Zagrać w takim spektaklu to nie lada gratka, cel szczytny – warto więc się zaangażować, jeżeli odmawiano to z ważnych powodów.
Jest to bez wątpienia najdroższa premiera sezonu, aby obejrzeć premierę należało wyłożyć 500 złotych, ale co tam liczy się cel.
Nad spektaklem pracowano 5 tygodni, odbyło się – jeśli dobrze policzono – pięć prób, tempo więc zaskakujące. Dla niektórych była to pierwsza zabawa w teatr, może nawet ktoś pomyślałby, że nieco ekscentryczna.

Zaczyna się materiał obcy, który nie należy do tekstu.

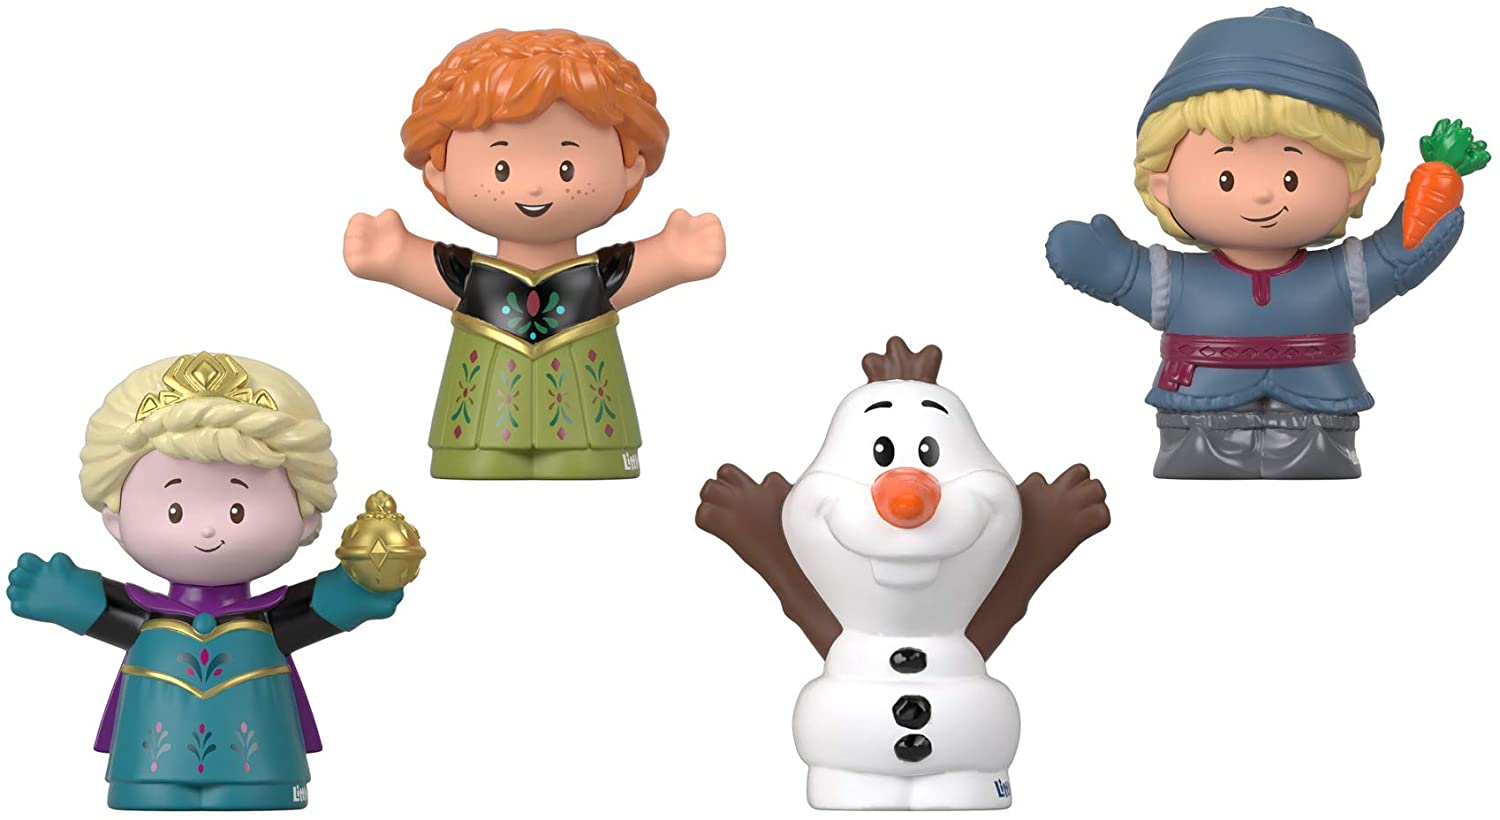 Fisher-Price Gmj13 Little People, "Frozen" 4-Pack Figures Toddler Toy From

W rolę jednego z diabłów wcielił się Michał Kirker, znany nam skądinąd. Rola udana, diabeł z niego pierwsza klasa. Czy kogoś naśladował, a może drzemie w nim diabeł, nagle rozbudzony na potrzeby spektaklu?
Jak się okazało pan prezydent, pracując nad rolą, pokusił się o obejrzenie spektaklu telewizyjnego z 1980 roku.
Cały spektakl napisany wyśmienicie, akcja wartka, dialogi pomysłowe. Najbardziej spodobała nam się kwestia Belzebuba, który rzekł do swego radcy piekielnego: mów dalej, tak mi się miło przy tobie drzemie. Skąd my to znamy. Czyżby z autopsji?